A. Representative flow cytometric histograms demonstrating expression of mesenchymal stem cells and hematopoietic cell markers; open histograms represent antigen-specific IgGs and shaded ones represent isotype-matched IgGs. B. Graphical representation of flow cytometric data; horizontal lines indicate median values. C. Correlations between expression of ErbB1-4 receptors and CD31 (PECAM-1) on eHiPC; Pearson correlation coefficient (r_p), Spearman correlation coefficient (r_s), and p-values are shown. D. Cell surface expression of endothelial cell markers in groups of ErbB2^high and ErbB2^low eHiPC.

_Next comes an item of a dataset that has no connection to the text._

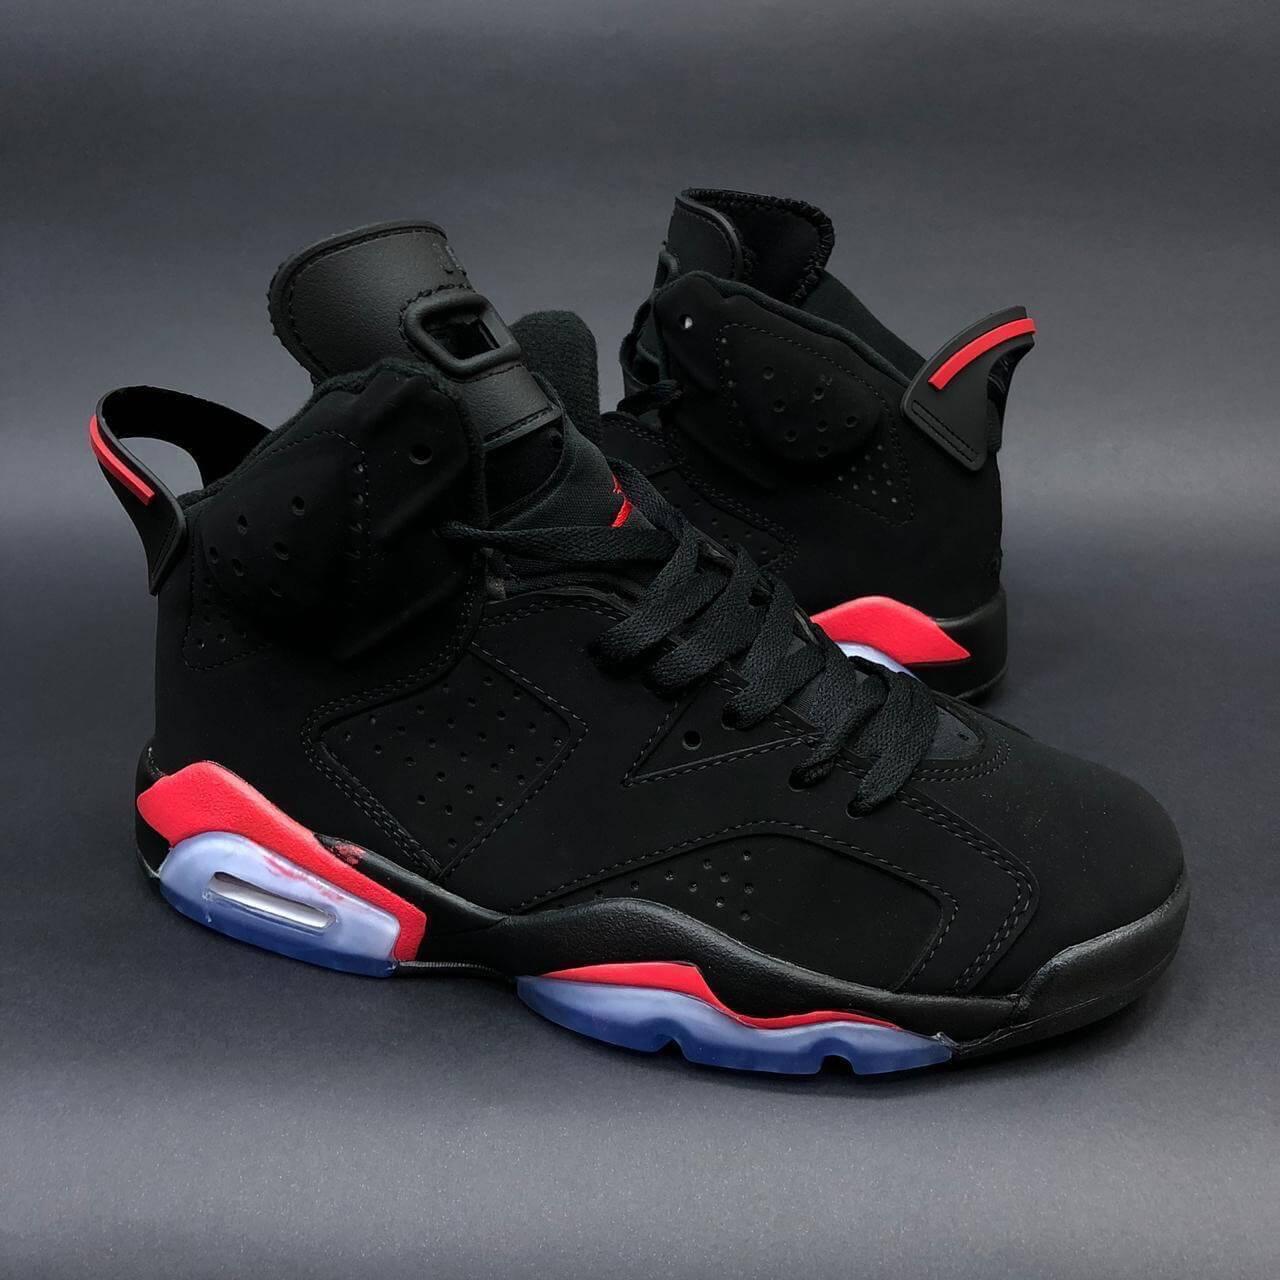 Zapatillas Tenis para Hombre Nike Air Jordan 6 Retro Negro

CD31 is a pan-endothelial cell marker. To further investigate the association between ErbB2 and additional endothelial cell markers, we analyzed cell surface expression of vascular endothelial growth factor receptor 2 (VEGFR2) and receptor tyrosine kinase Tie2. As seen in Fig. 2D, colonies which expressed high levels of ErbB2 and CD31 were also characterized by higher expression of VEGFR2 compared to ErbB2^low cells. In contrast, no difference was found in the level of Tie2 expression between ErbB2^high and ErbB2^low- expressing colonies.

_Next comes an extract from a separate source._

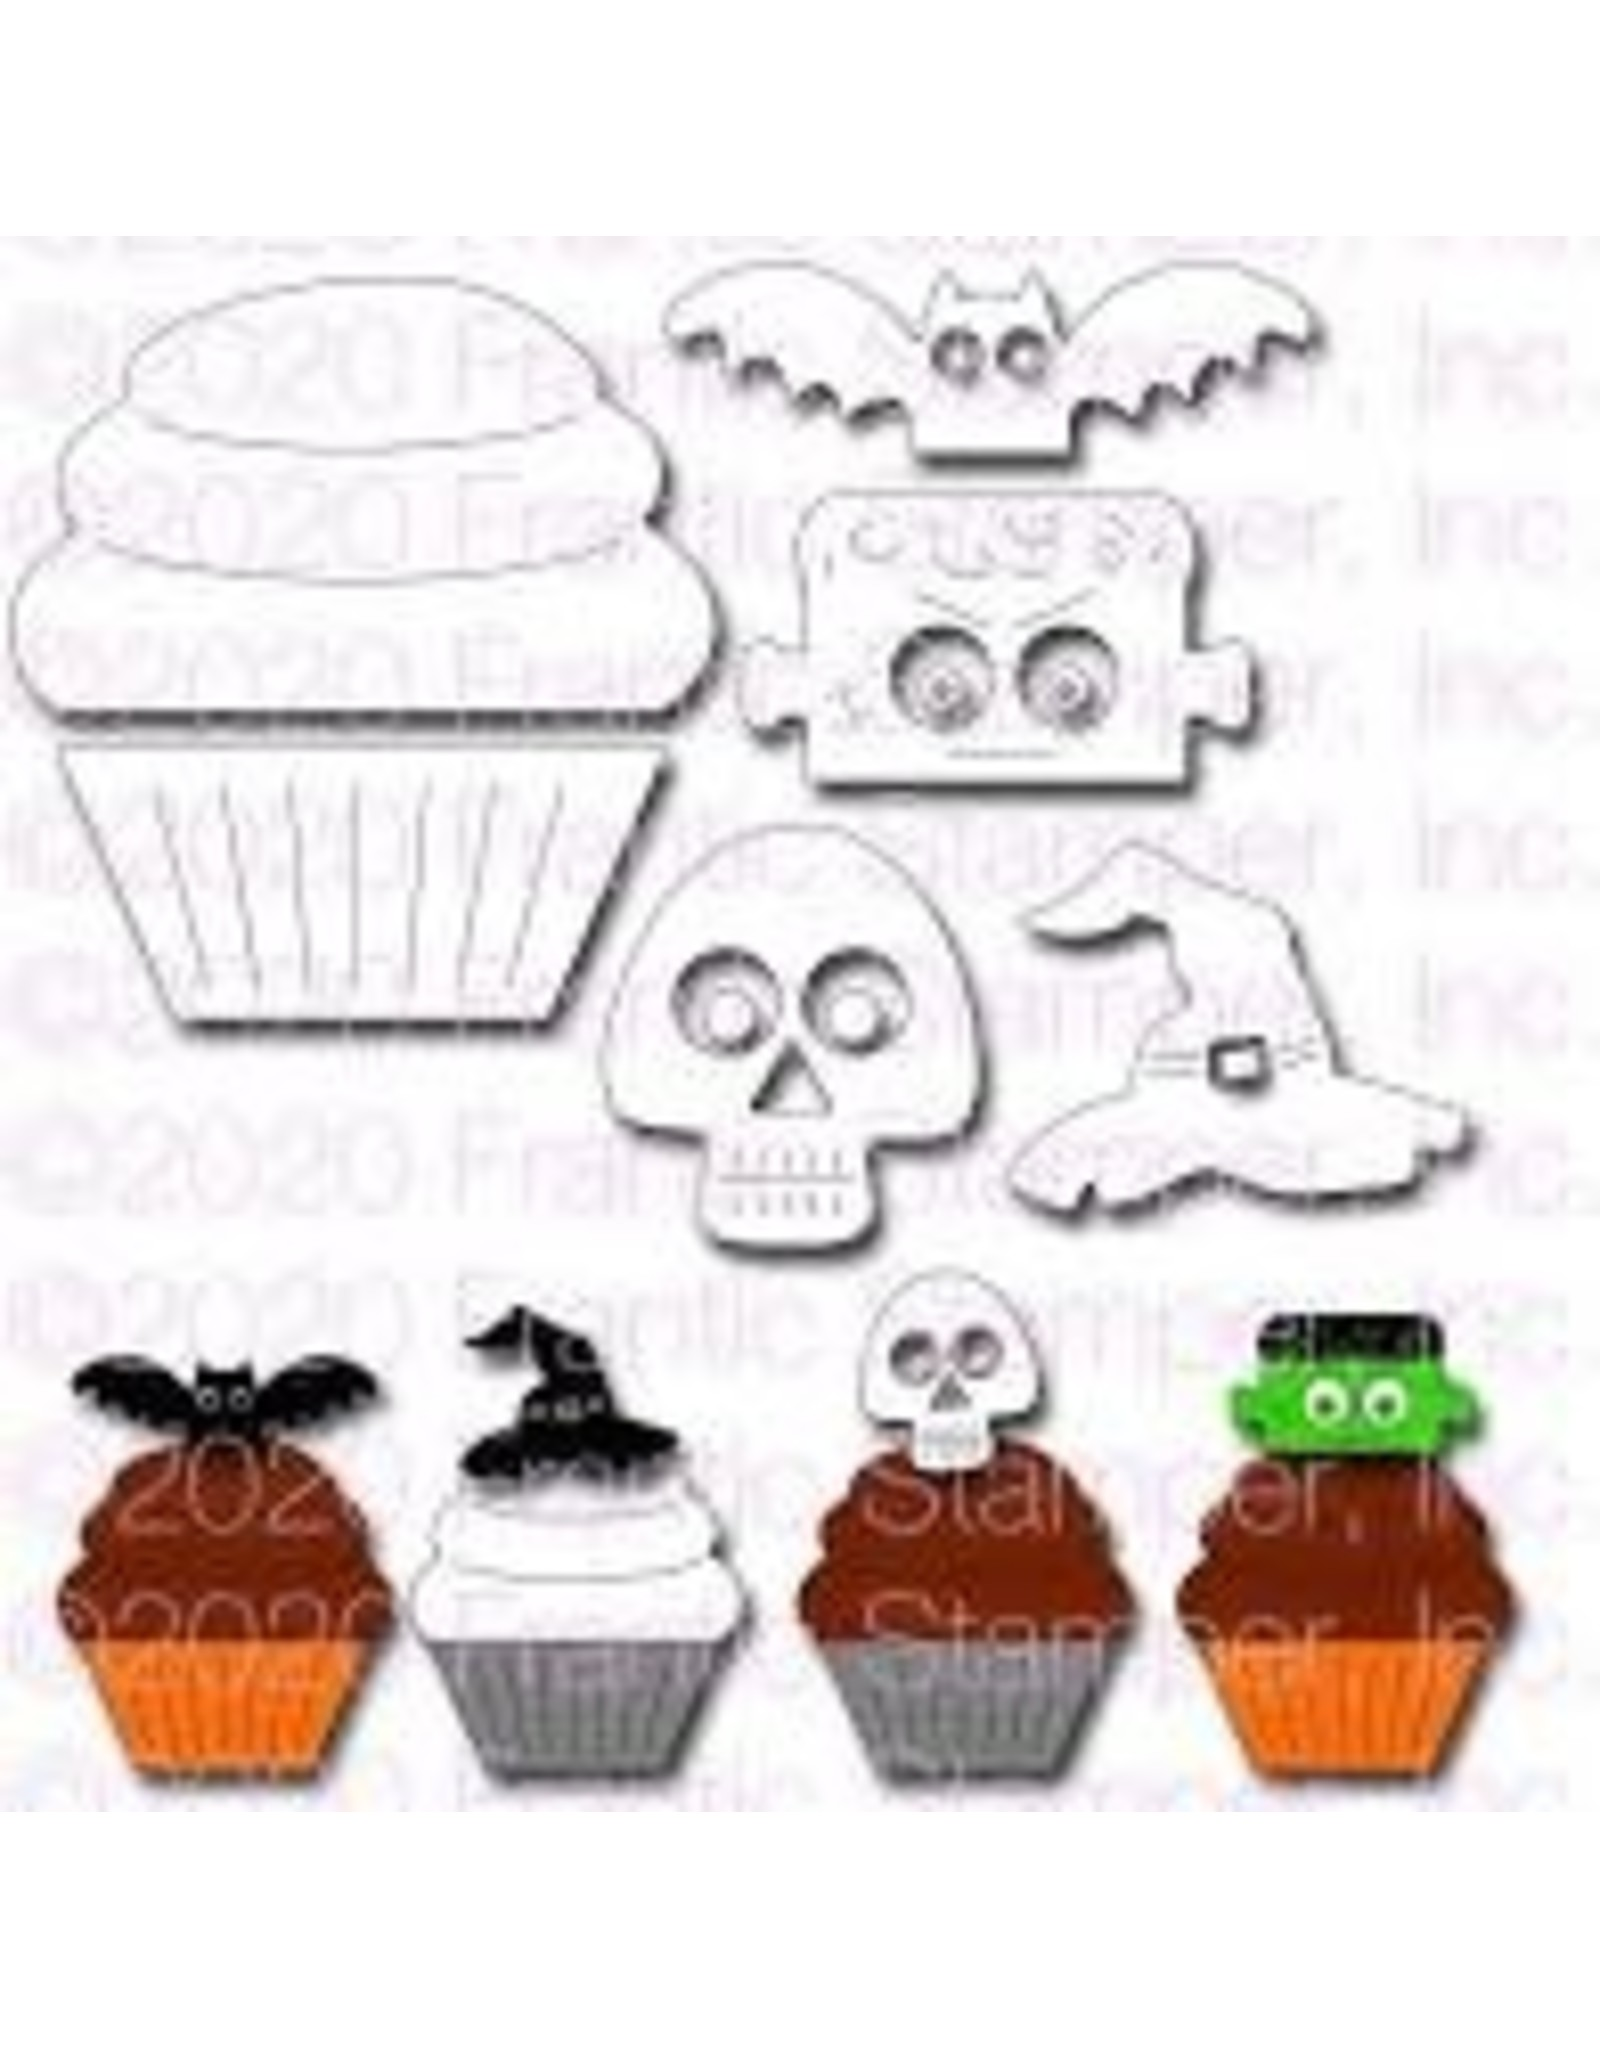 Frantic Stamper Inc Cupcake & Halloween Toppers #1

ErbB2^high eHiPC display higher endothelial-like morphogenic activity compared to ErbB2^low eHiPC

We tested the angiogenic properties of eHiPC using a Matrigel-based tube formation assay. As shown in Fig. 3A, pro-angiogenic extracellular matrix induced the formation of a characteristic tube network of both ErbB2^high and ErbB2^low eHiPC. The total tube length, however, was significantly higher in ErbB2high eHiPC compared to ErbB2low eHiPC (Fig. 3B). Collagen I, a major component of cardiac muscle ECM, provokes endothelial cell monolayer reorganization into cord-like structures, thus promoting formation of new vessels. We found that monolayers of ErbB2^high eHiPC underwent significant retraction and formation of cord-like structures in response to collagen I (Fig. 3C and D). In contrast, collagen I induced little or no morphogenic activity in ErbB2^low eHiPC (Fig. 3E, 3F and quantified in 3G). To test whether or not cell death is involved in the retraction of the ErbB2^high eHiPC monolayer, we performed staining of cells with Calcein AM and 7-AAD. As shown in Fig. 3H, viable cells were Calcein AM positive (green) and 7-AAD negative, while permeabilized cells were 7-AAD positive (red) and Calcein AM negative. Examination of monolayers revealed that retraction of ErbB2^high eHiPC cell monolayers is not due to cell death as the number of 7-AAD positive cells was not different between basal conditions and after stimulation with collagen I (Fig. 3I).

Figure 3. Assessment of endothelial cell-like properties of ErbB2^high and ErbB2^low eHiPC.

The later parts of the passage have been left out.